The more general dynamic model applied in this study consists of spatially lumped, dynamic mass-balance equations. A special case of this dynamic model is the quasi-steady-state-model, which is commonly used to analyze oxygen exchange in capillary blood and in tissue of the working muscle. Although this dynamic model of oxygen consumption in skeletalmuscle [6] is sufficient for some purposes, modifications are needed to reflect more physiological conditions. For example, the product of permeability and surface area should be a function of blood flow due to the capillary recruitment occurring at the onset of exercise [12]. Furthermore, this dynamic model assumes an exponential function to describe cellular oxygen consumption [13]. While this simple expression is sufficient to make some inferences about dynamic responses, key metabolic processes should be incorporated into the model to provide a mechanistic basis for oxygen consumption dynamics. For this purpose, future models should incorporate substrates and enzymes participating in mitochondrial oxidative phosphorylation during exercise.

The dynamics of the oxygen concentration in blood depend on the spatial distribution and temporal variation of the variables such as blood flow and hemoglobin oxygen saturation that affect convective and diffusive transport of oxygen in the micro circulation. Although these effects are not directly measurable during muscle contraction [14], more general models have been applied to account for heterogeneities of blood flow and oxygen consumption of the muscle [15–18].

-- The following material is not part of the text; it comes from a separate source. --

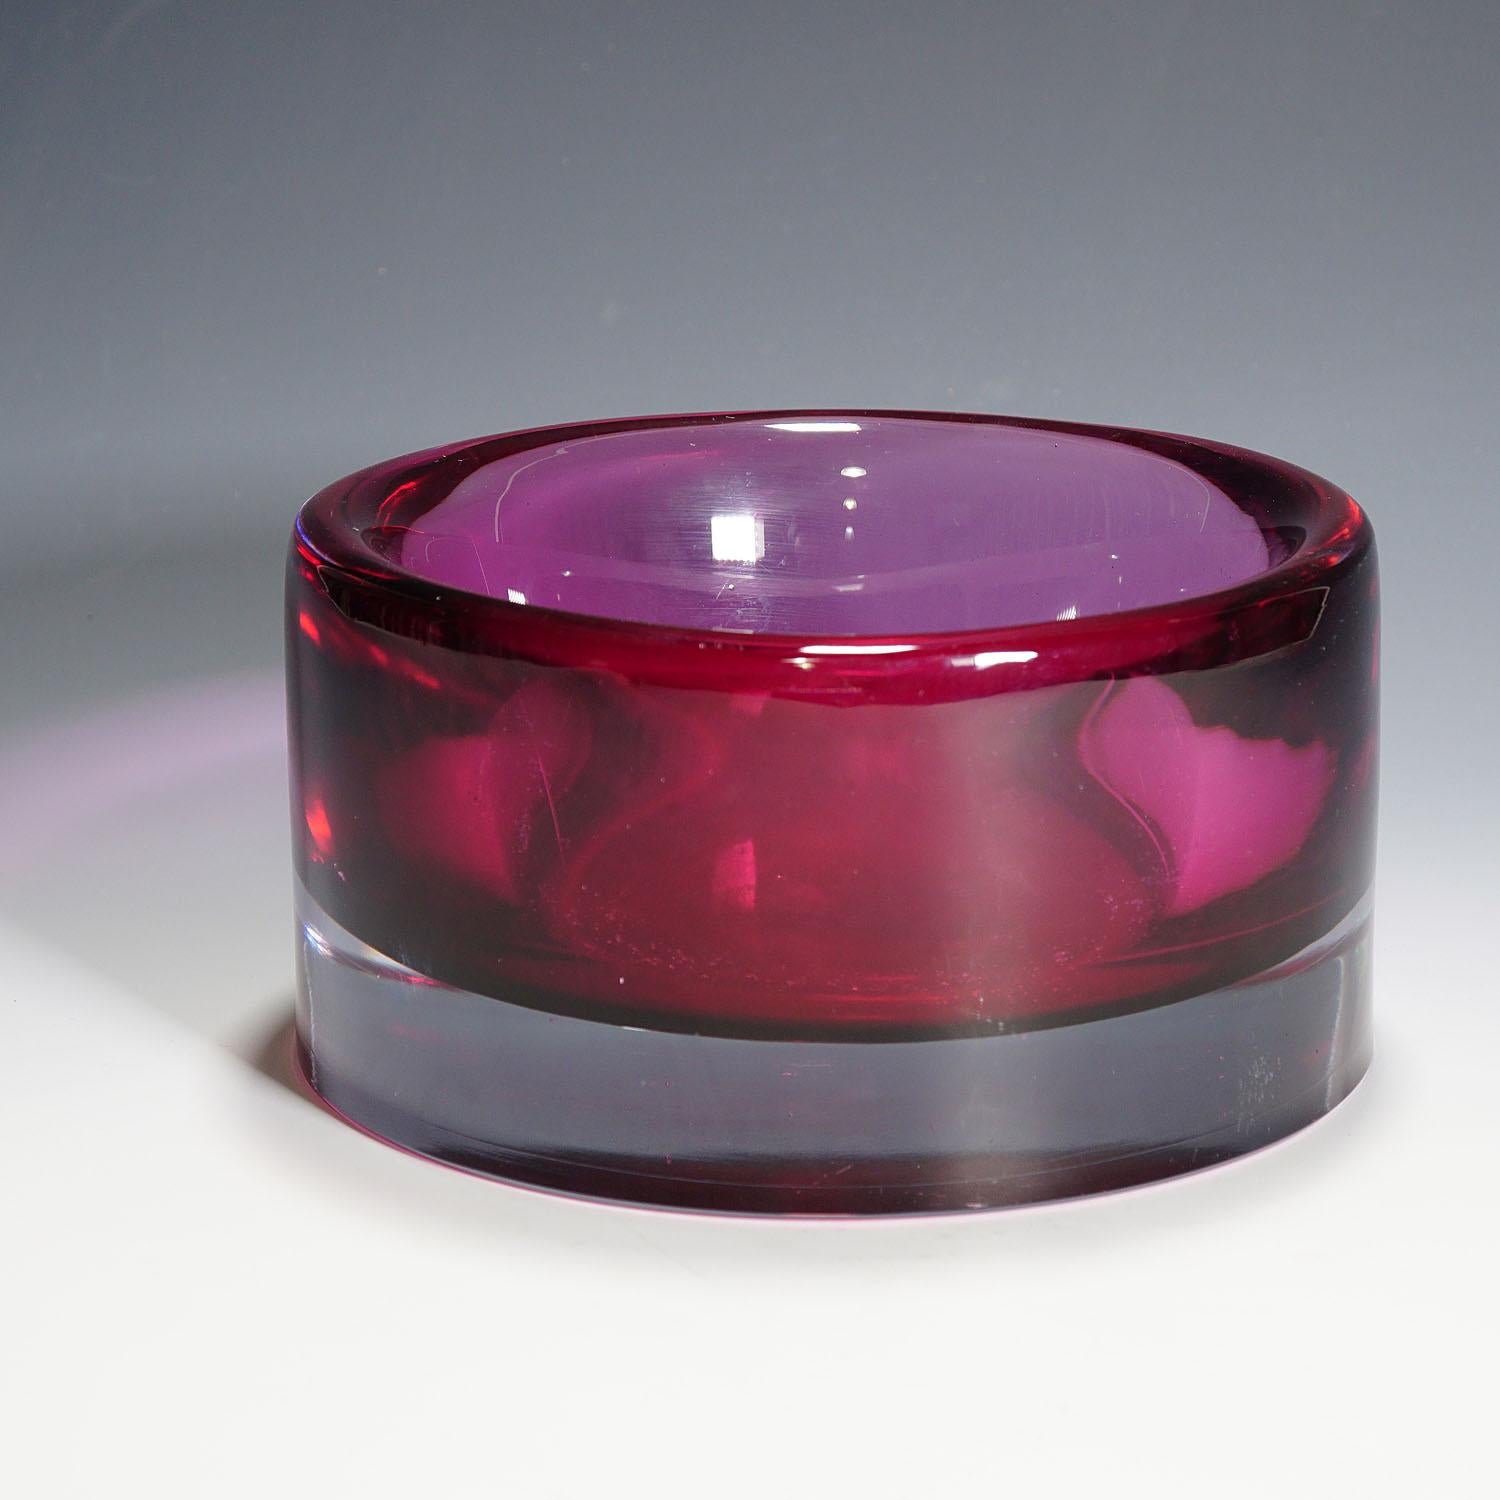 A very heavy sommerso glass bowl manufactured by Seguso Vetri D'Arte and designed by Mario Pinzoni ca. 1969. Manufactured in thick violett and ruby sommerso glass. An authentic midcentury modern piece from Murano. Very good condition with minor
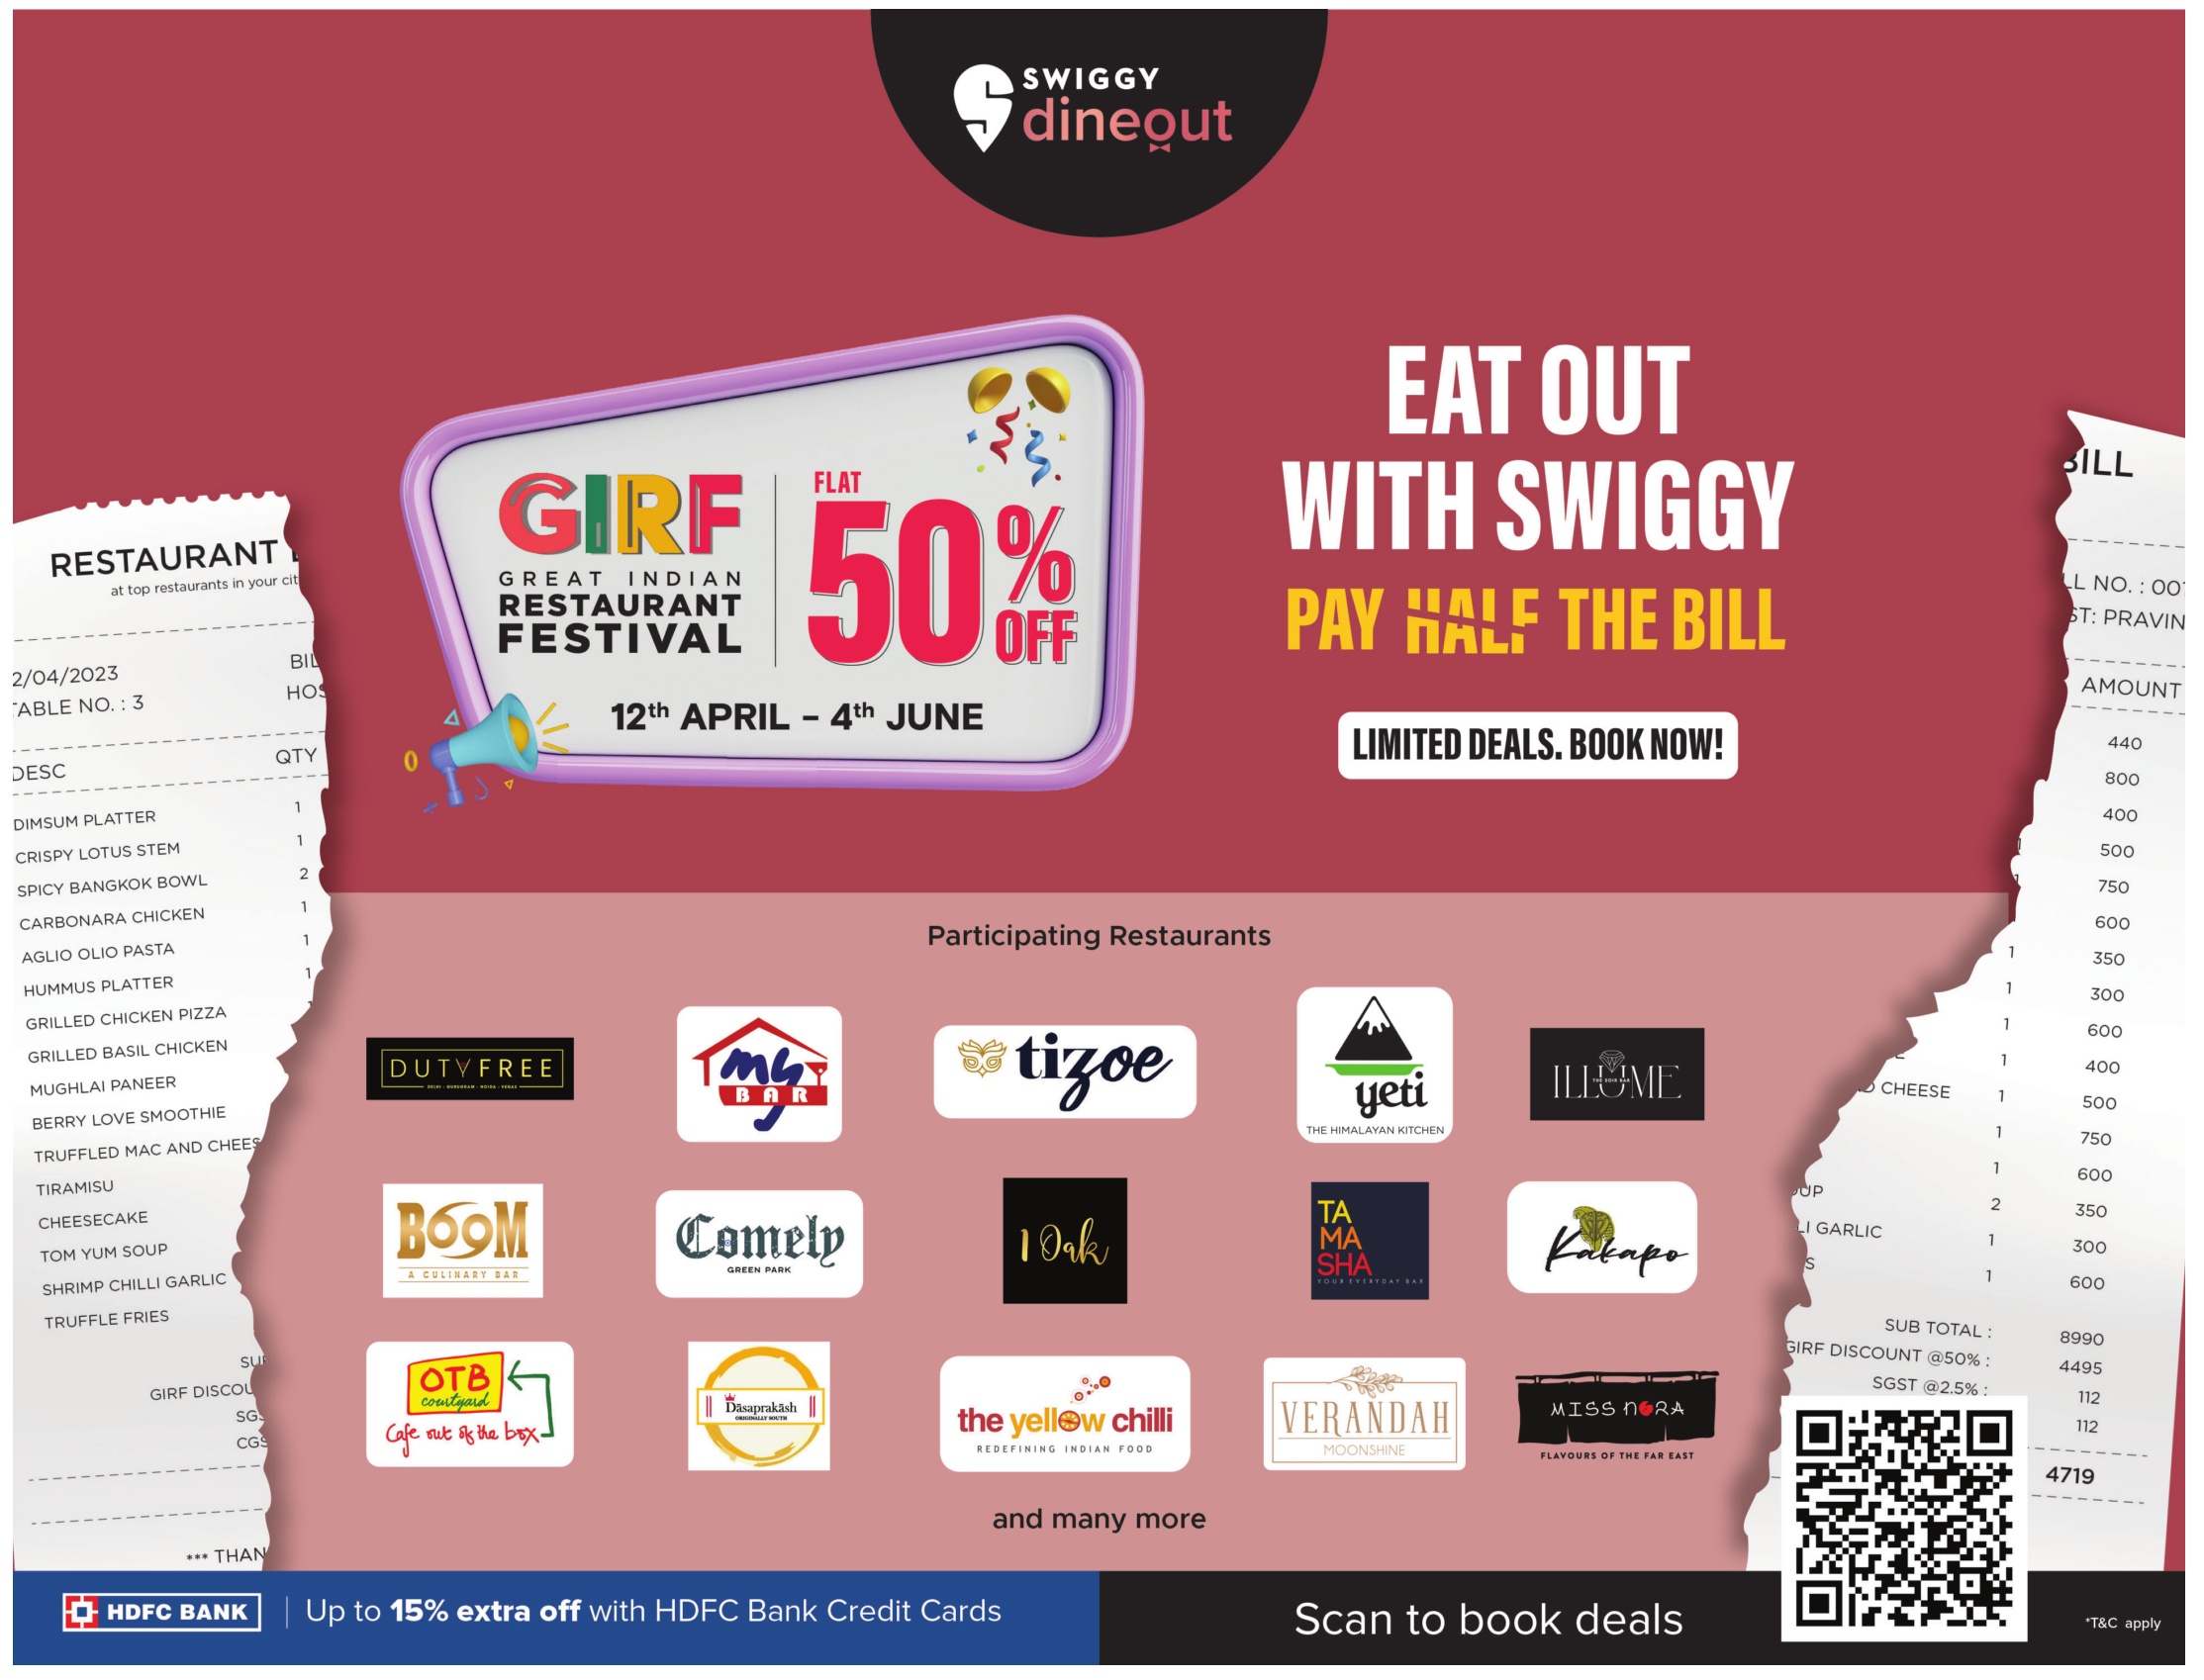 Swiggy-dineout-great-Indian-restaurant-festival-flat-50%-off-12th-april-to-4th-april-flat-50%-off-eat-out-with-swiggy-pay-half-the-bill-ad-times-of-india-Delhi-05-05-2023.jpg

In conclusion, physiological relations between oxygen transport and consumption within skeletal muscle during exercise require a model based on dynamic mass balances for oxygen in blood and tissue. Such a model can be used together with non-invasive or minimally invasive experiments to study capillary oxygen exchange during an exercise stimulus where active muscle, convection and diffusion have a significant effect. This could contribute to quantifying changes associated with aging in healthy subjects, as well as with potential pathological alterations of oxygen transport and metabolism in unhealthy subjects suffering from diabetes and heart failure [19].